Queensland uses a significant amount of water for the cotton farms yes. From the western Rivers. However I have been brought to the understanding that the Granite Belt is in effect the head of the murry-Darling basin. Here we use drip systems in most if not all situations unlike the large amounts wasted using the overhead sprinklers used through Victoria and South Australia. Its not a matter of finger pointing. we all need a swift kick in the rear to change our ways. And the granite belt it seems got its kick well before other regions.

I see that the Senate has entered into the debate about the impacts of the Traveston Dam. A Senate inquiry will now scrutinise the proposal to determine whether the impacts of the dam violate federal environmental legislation.

What I find odd about the debate in Queensland is that if Traveston Dam would not provide additional water during the current drought, then why is the drought a factor in the decision to proceed with the dam?

Isn't the dam included as one of many measures outlined in the Beattie Government's emergency drought response legislation?

If you honestly believe praying will bring rain, then you are as sick as the Queensland health, roads, water, education, and rail and port system.

Even though Mr.

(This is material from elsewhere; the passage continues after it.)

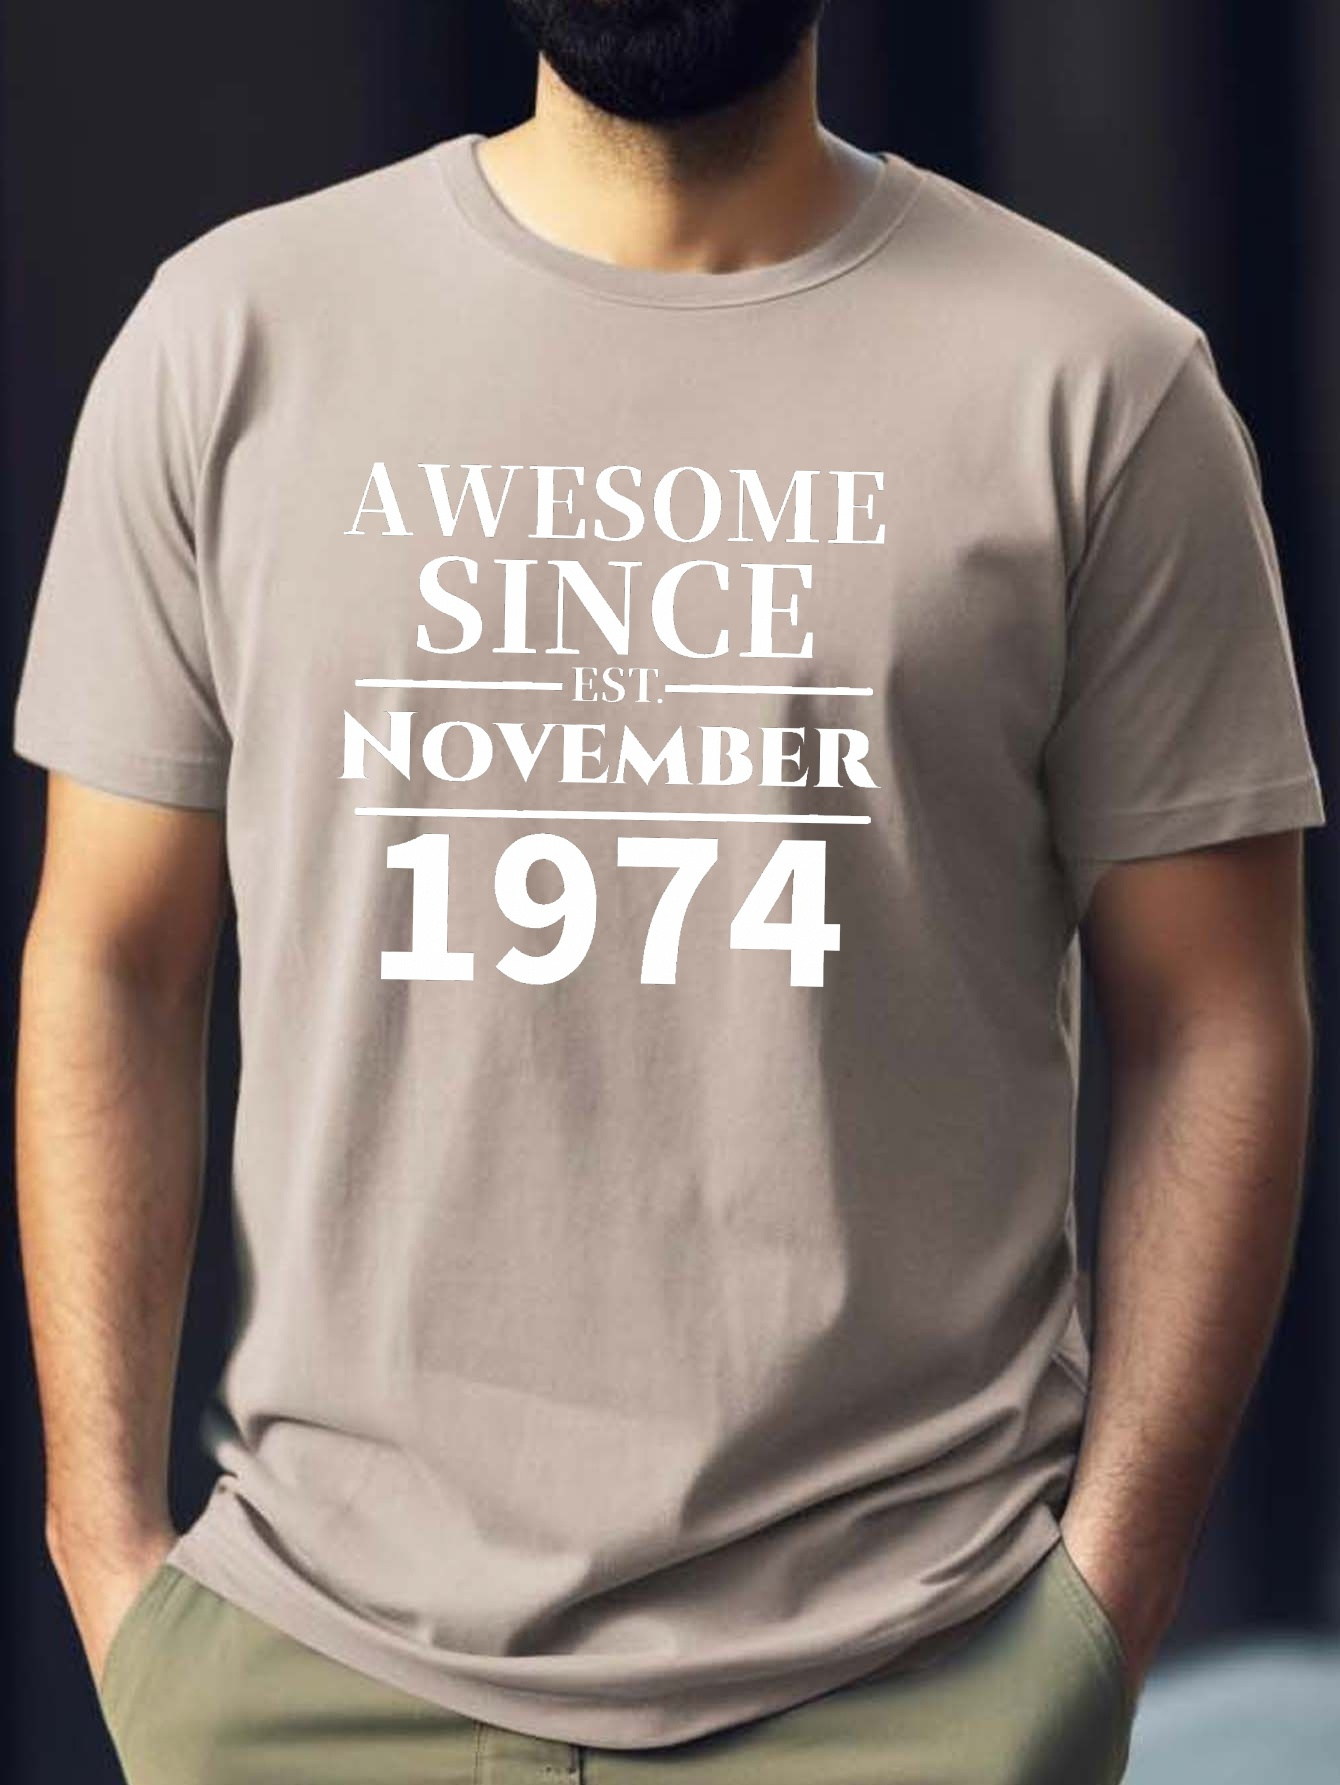 AWESOME SINCE NOVEMBER 1974 Print Tee Shirt, Tees For Men, Casual Short Sleeve T-shirt For Summer
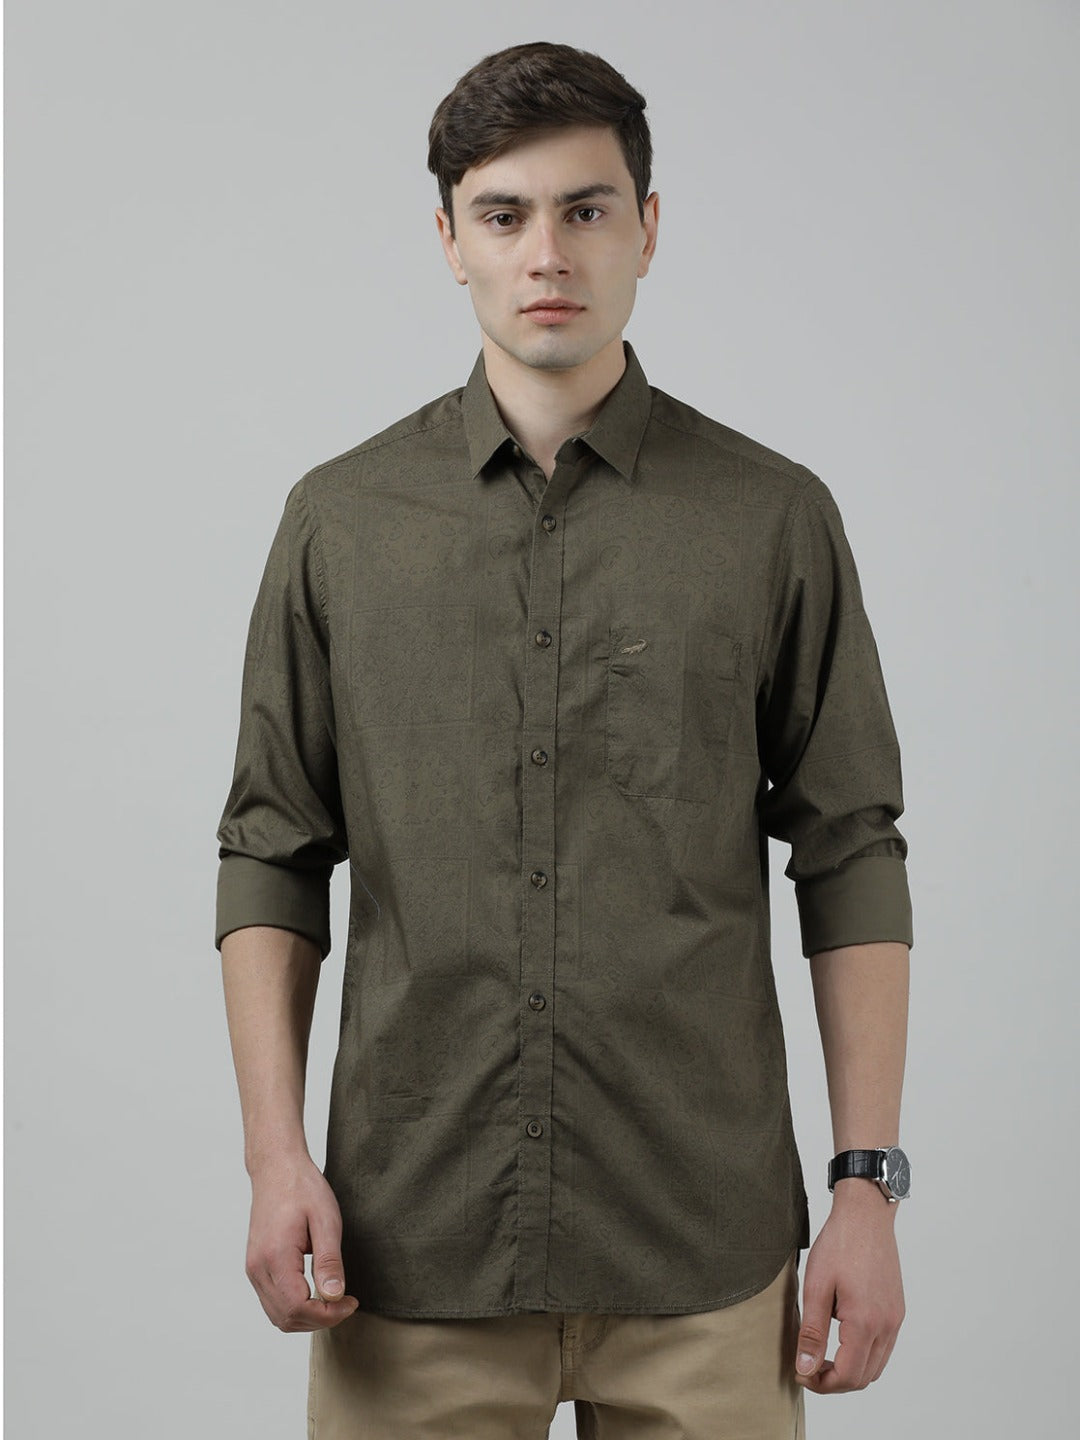 Casual Green Full Sleeve Comfort Fit Printed Shirt with Collar for Men

Beattie did not caused the drought, his 10+ years of total inaction is directly responsible for the water situation in South East Queensland and the poor condition of the services (above) throughout the rest of the state. Being one of the wealthiest states of Australia for many years, Queensland should have the best of the best, but we have the worst.
There are many deadly types of bacteria in Recycled Water...
So... which one of you guys would want to drink RECYCLED WATER?

Adelaide has been on recycled water for years and so I'm sceptical of your claim that there are many deadly types of bacteria in Recycled Water...

Recycled water need not be used for drinking---it can be used for washing and the garden etc.

recyled water dosent remaove hormones!!!!!!!!!!!!!!!